━━━━━ Stored data
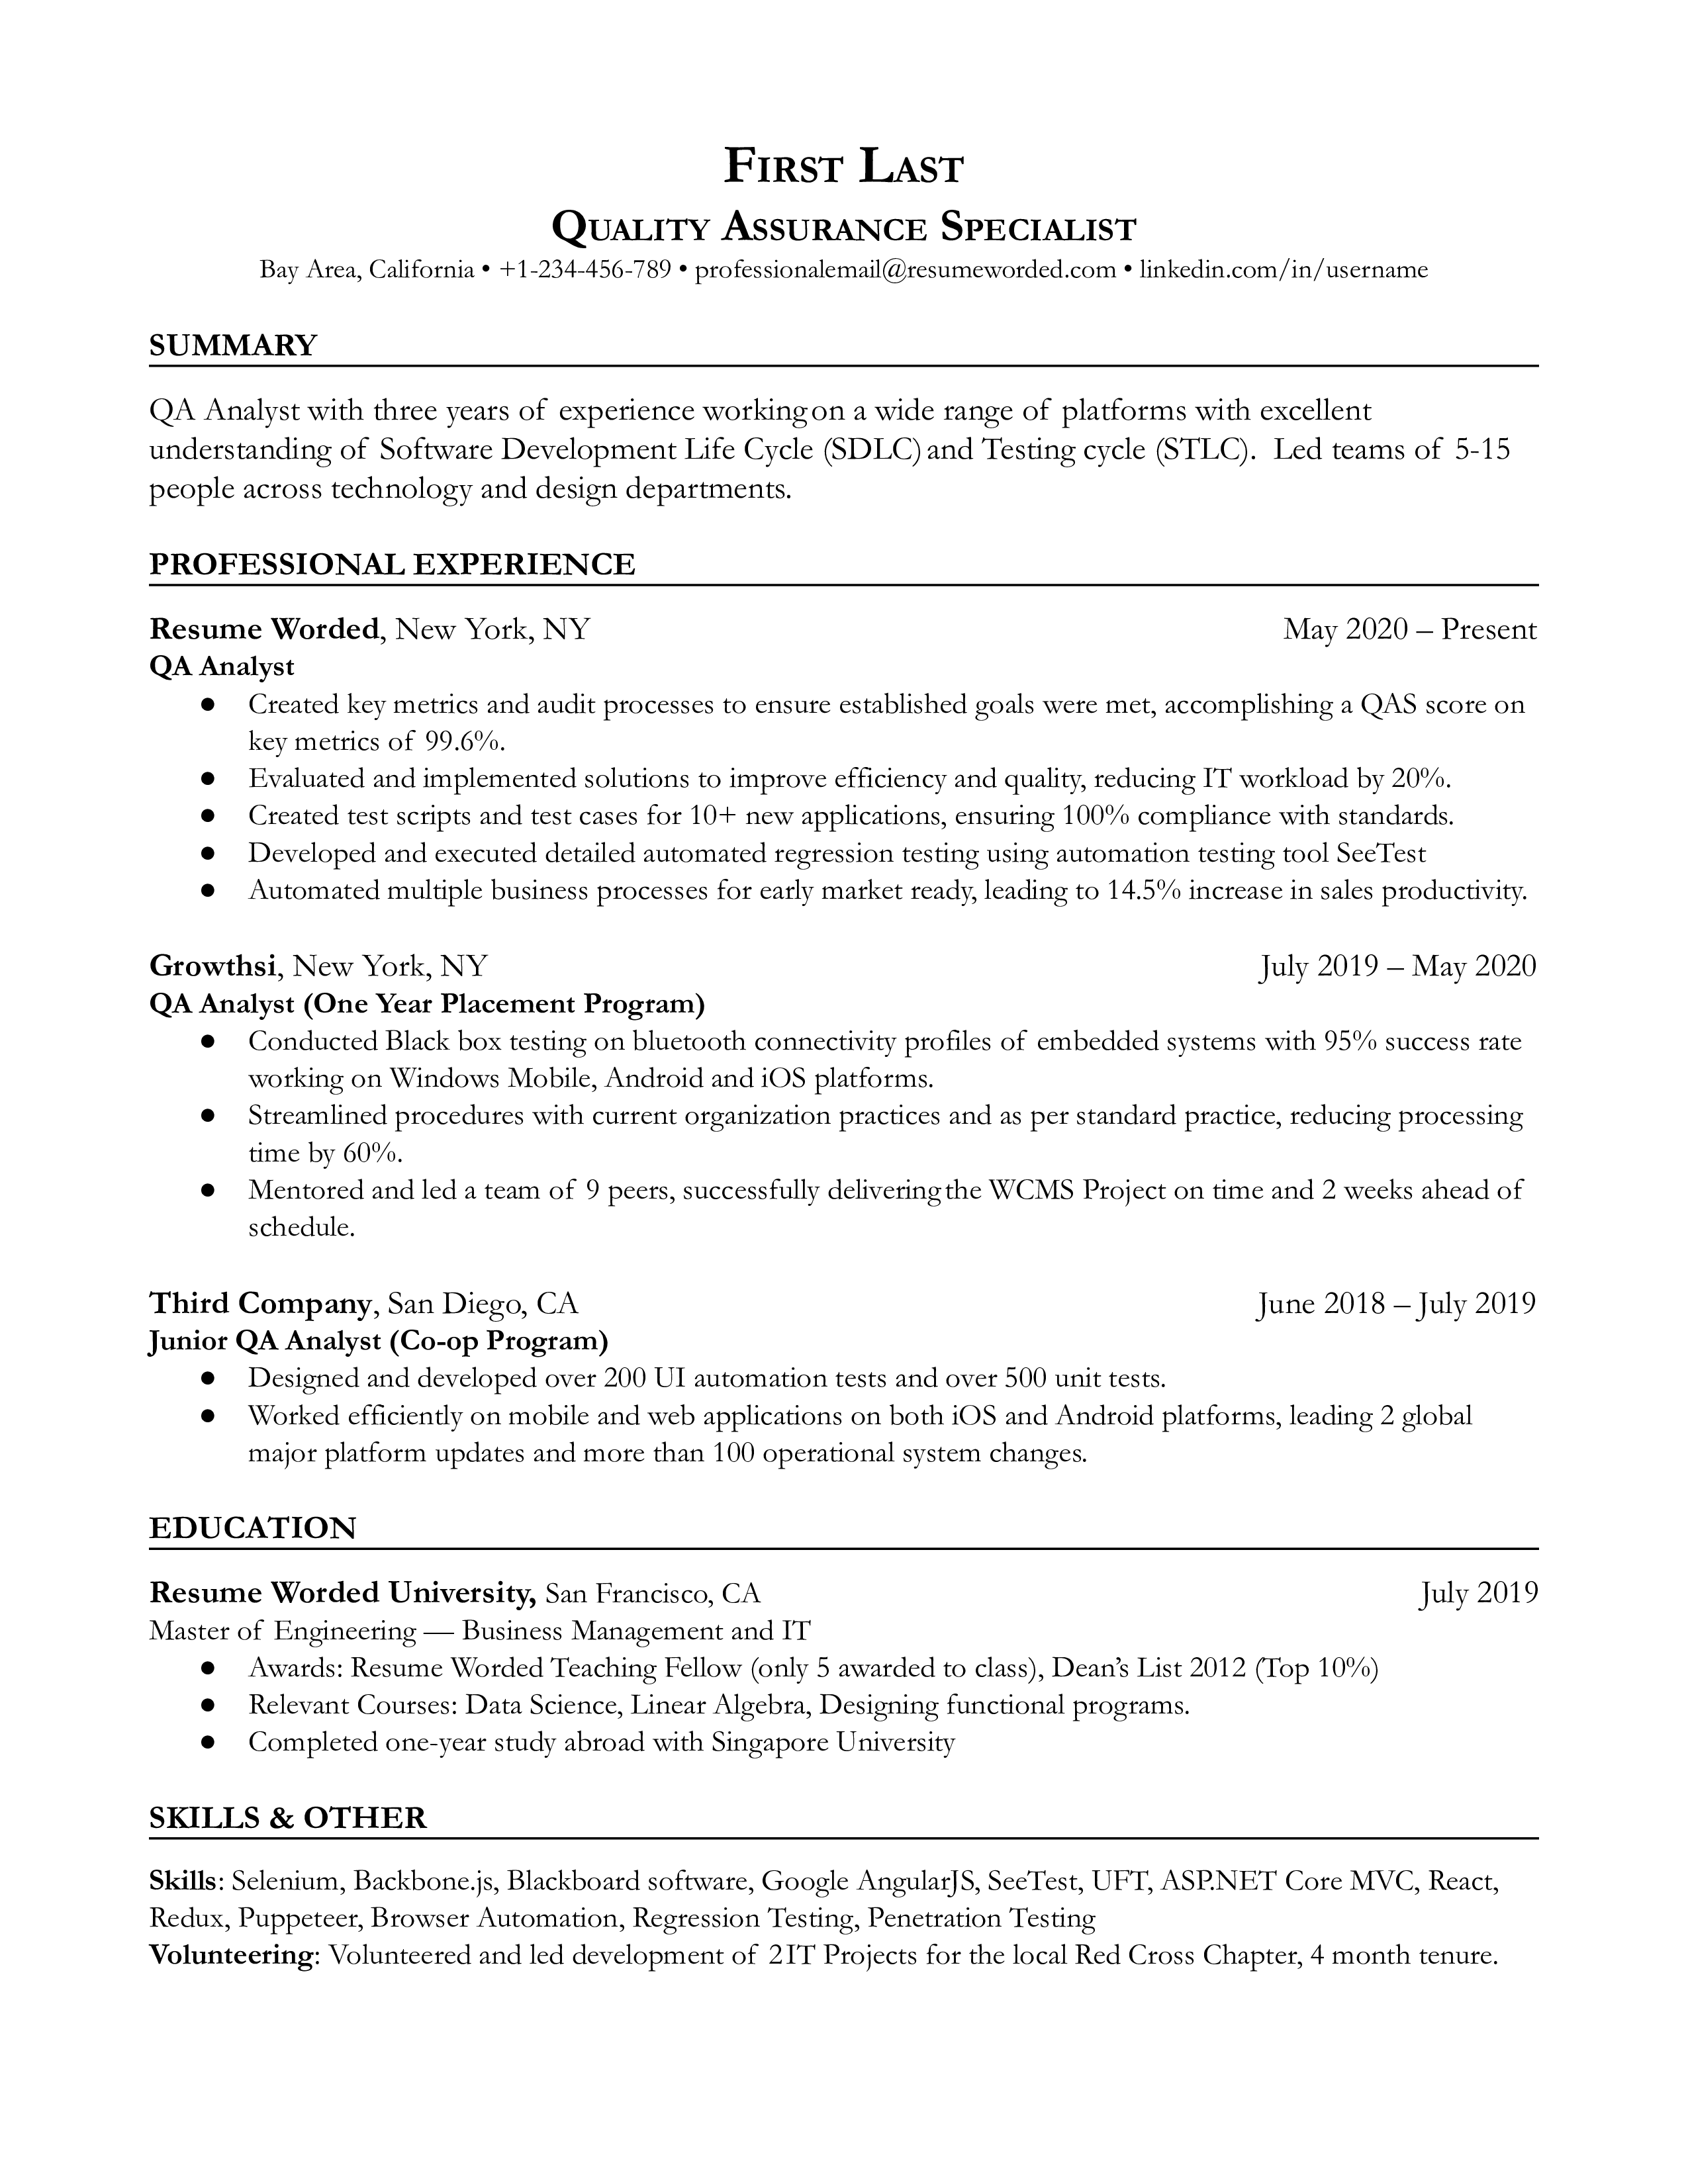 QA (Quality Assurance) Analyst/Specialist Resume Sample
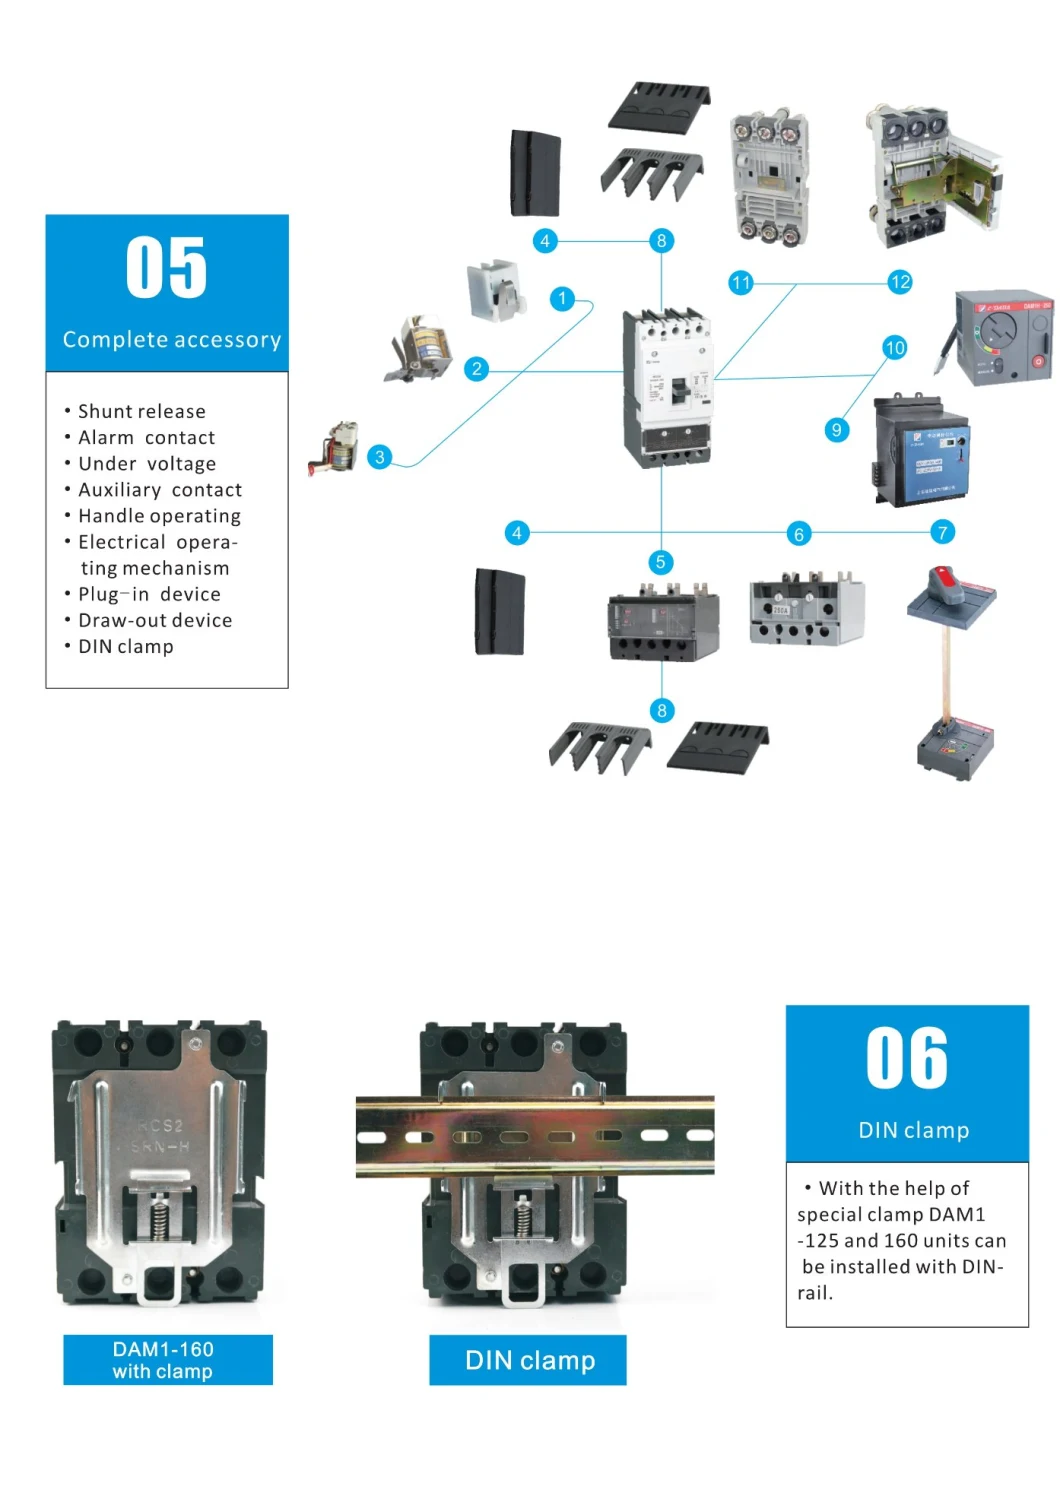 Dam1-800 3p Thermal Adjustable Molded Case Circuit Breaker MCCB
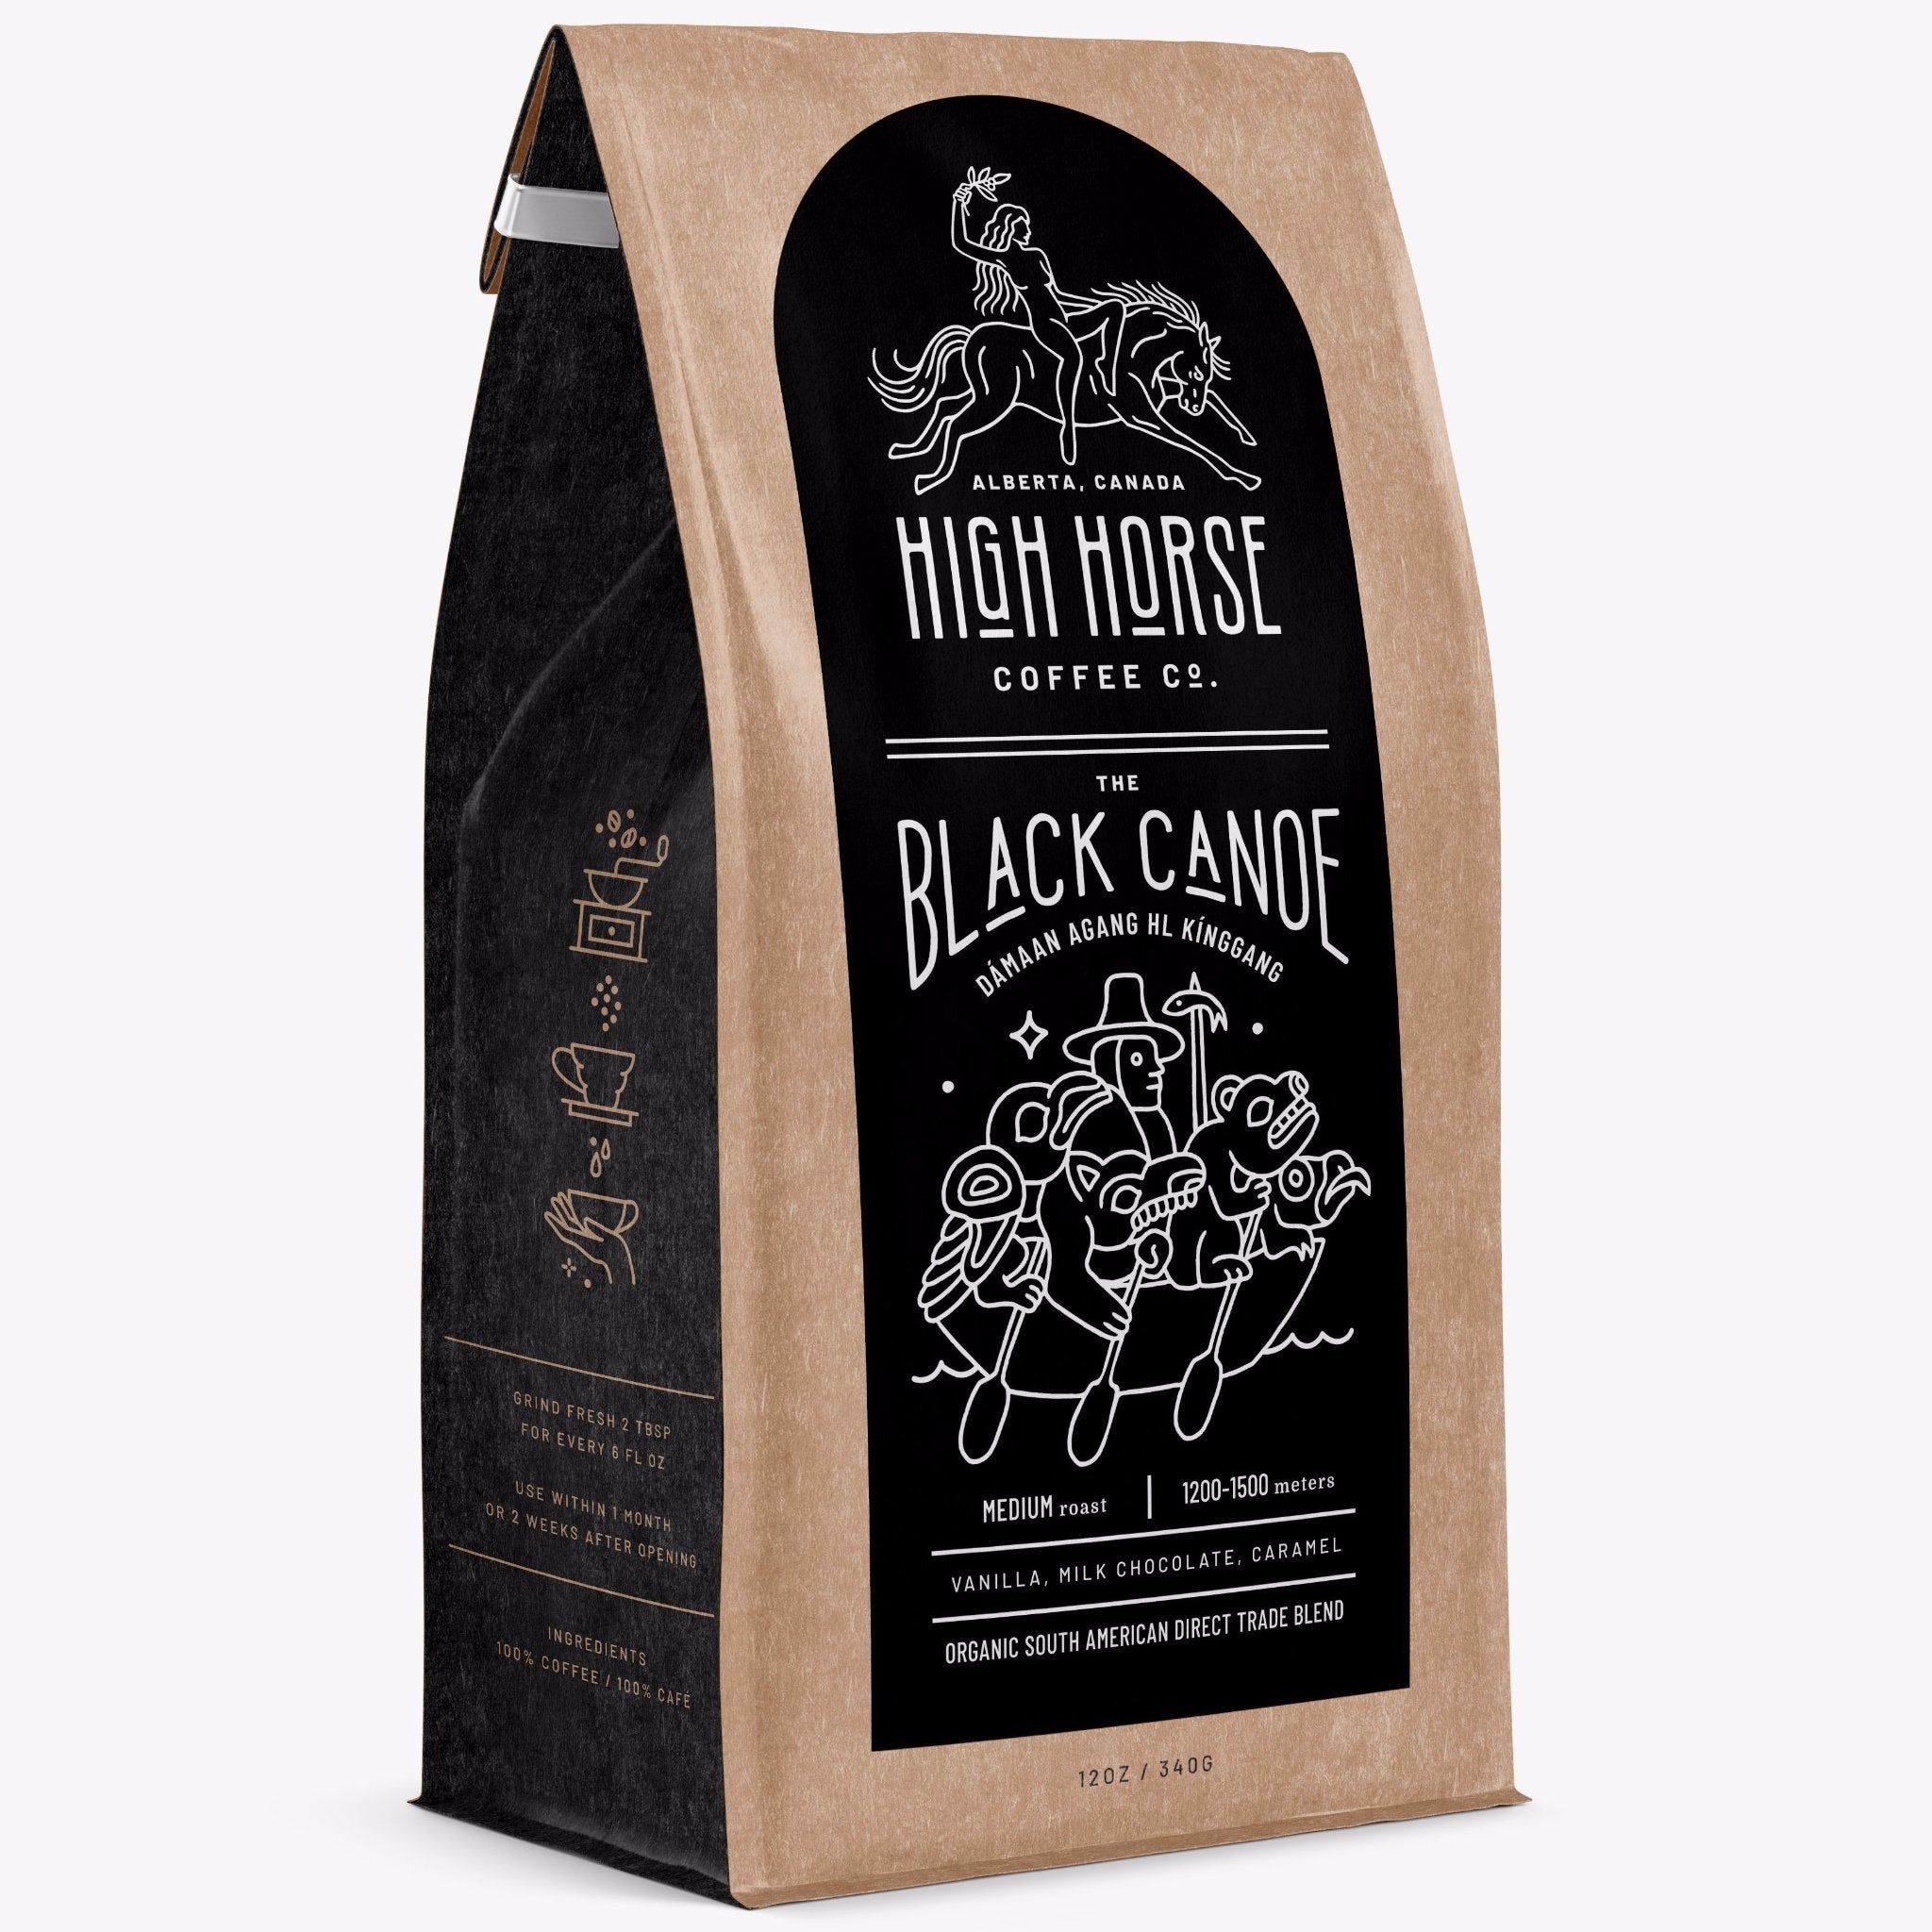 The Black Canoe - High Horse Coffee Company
━━━━━━━━━━
▶ _Goal of the exercise_:
Would you print the whole listing exactly, omitting the pictures?

▶ _Exercise response_:
 QA (Quality Assurance) Analyst/Specialist Resume Sample
 Dam1-800 3p Thermal Adjustable Molded Case Circuit Breaker MCCB
 The Black Canoe - High Horse Coffee Company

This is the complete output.